Впереди было важное дело, посещение светского салона — и к нему надо было тщательно подготовиться. Так что больше никакой чепухи.

Элеонора

Элли не очень любила выбирать платья, да и вообще одежду, ходить подолгу по магазинам — как-то это слишком глупо, бессмысленно, по-девчачьи. Нет, не то чтобы как-то было неприятно себя считать женственной — напротив, очень даже приятно, и пошли к черту все эти любители вмешиваться в личную жизнь под предлогом морали. Она сама знала, что морально, а что нет — потому что если человек нормальный, то он сам имеет совесть и задумывается над тем, что хорошо, а что плохо.
Так вот, выбирать одежду и ходить по магазинам — это просто глупо, пустая трата времени, только и всего. Может, поэтому у нее никогда не было действительно близких подруг — как-то нечасто случалось встретить в жизни людей, которые бы интересовались чем-то превосходящим сиюминутное течение жизни.

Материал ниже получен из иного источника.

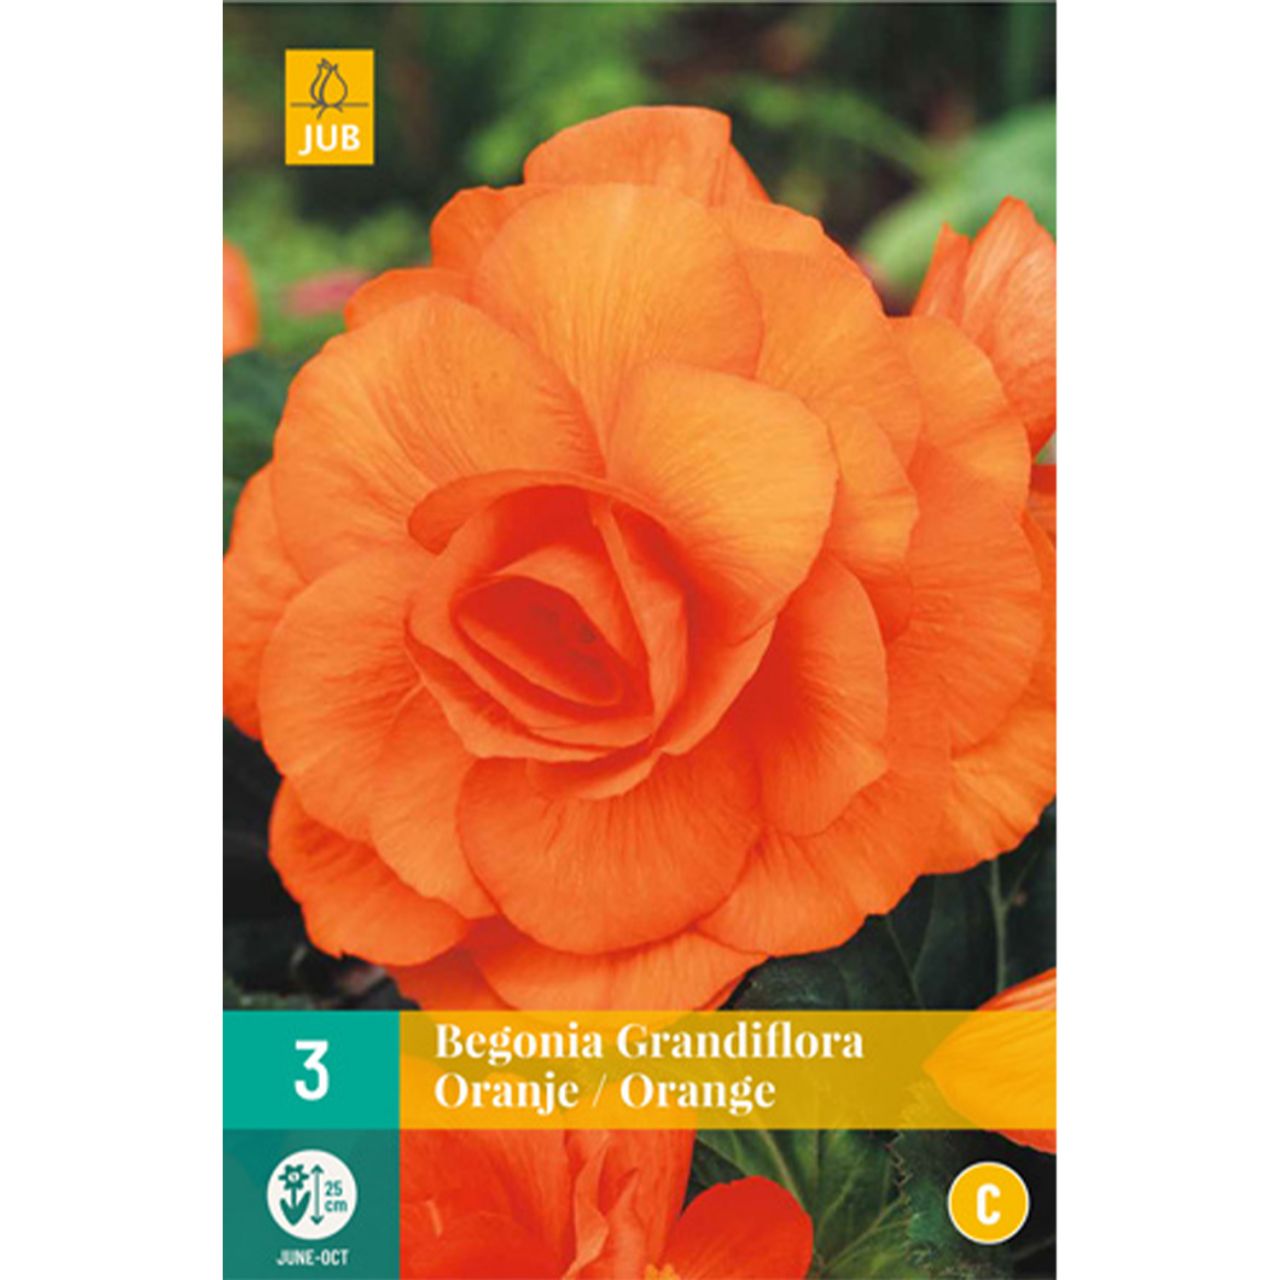 Kategorie <b>Frühlings-Blumenzwiebeln </b> - Riesenblütige Begonie 'Grandiflora' orange - 3 Stück - Begonia Grandiflora

С другой стороны, вполне возможно, всему виной ее характер — надо признать, излишне резкий. А уж раньше так и просто вспыльчивый и неуравновешенный. Надо признать — не самым она приятным была человеком. И кто знает — приятный ли она человек сейчас? Впрочем, важно лишь мнение немногих, а не всех подряд — всем не угодишь, да и незачем.

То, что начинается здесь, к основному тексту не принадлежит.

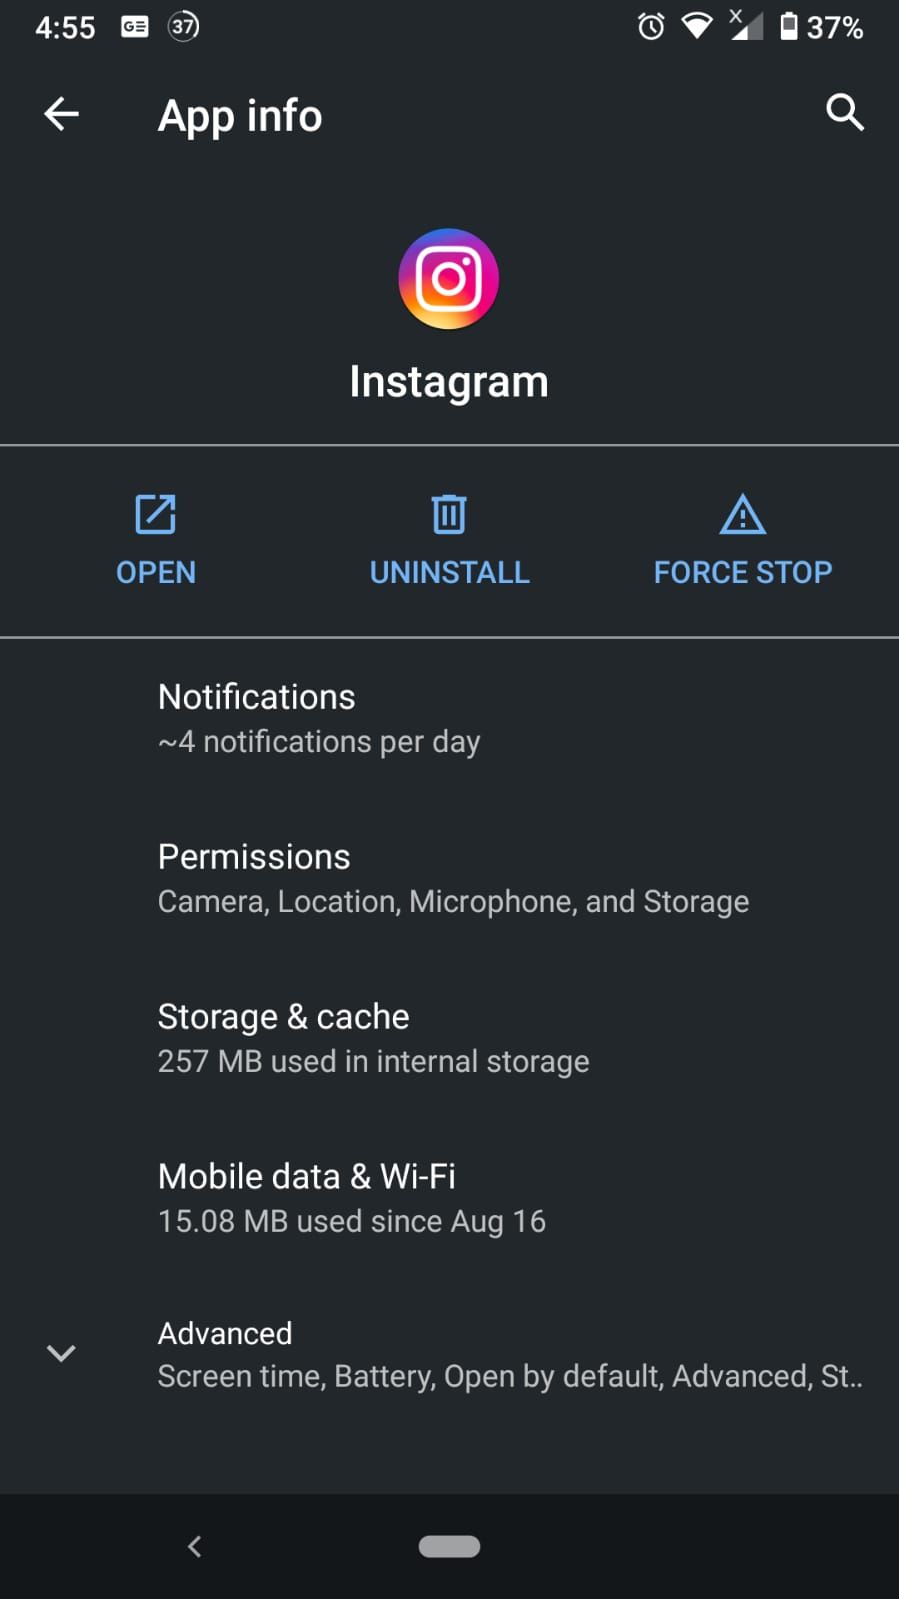 Instagram app setting main menu

«Нет, все-таки странно, почему такие мысли вдруг напали в торговом центре? Мне всего лишь надо выбрать подходящее платье для высшего света — дорогое, стильное, без лишней скромности, но не вульгарное. Только и всего, а я…» — додумать она не успела: ее окликнули. Элли оглянулась и увидела красивую статную девушку южного типа, и не сразу узнала в ней Летицию Лаферье, секретаря Грандмейстера. Рядом с ней был ее страшный снаружи, но (вроде как) добрый в душе муж, Ликаон. Они приветливо махали ей, улыбаясь как дети, и Элли сама улыбнулась, едва не рассмеявшись — уж больно наивными и милыми они были, даже чудаковатыми. Ох, завидуют Ликаону парни… — Привет! — крикнула Элли, и Летиция тут же подхватила: — Привет, так давно не виделись! Ну ты здорово выглядишь! Читала в новостях о ваших приключениях, ну это просто ужас! Ума не приложу, как можно было таких молодых людей послать в этот ад… Я уж пыталась у директора хоть что-нибудь выведать… И профессор Томашевский так переживал, бедненький… А Грандмейстер — вот видно по нему, что что-то знает, но ведь понятно, что ничего не скажет, а! Вот что с ним таким делать? Гений, это понятно, и настоящий защитник для всех, но так иногда с ним… Ой, что это я все болтаю… Как у вас дела? Как Давид? — Да… — Элли, на самом деле, не хотела жаловаться, но Летиция обладала очень странным свойством как-то ненавязчиво и мгновенно располагать к откровенности и пробуждать доверие — буквально тянуло открыться, высказаться, утопить в ней тайны и заботы. Элли ответила уклончиво: 
— Давид… он, как бы сказать, несколько увлекся славой. — А, наслаждается плодами победы и задирает нос? 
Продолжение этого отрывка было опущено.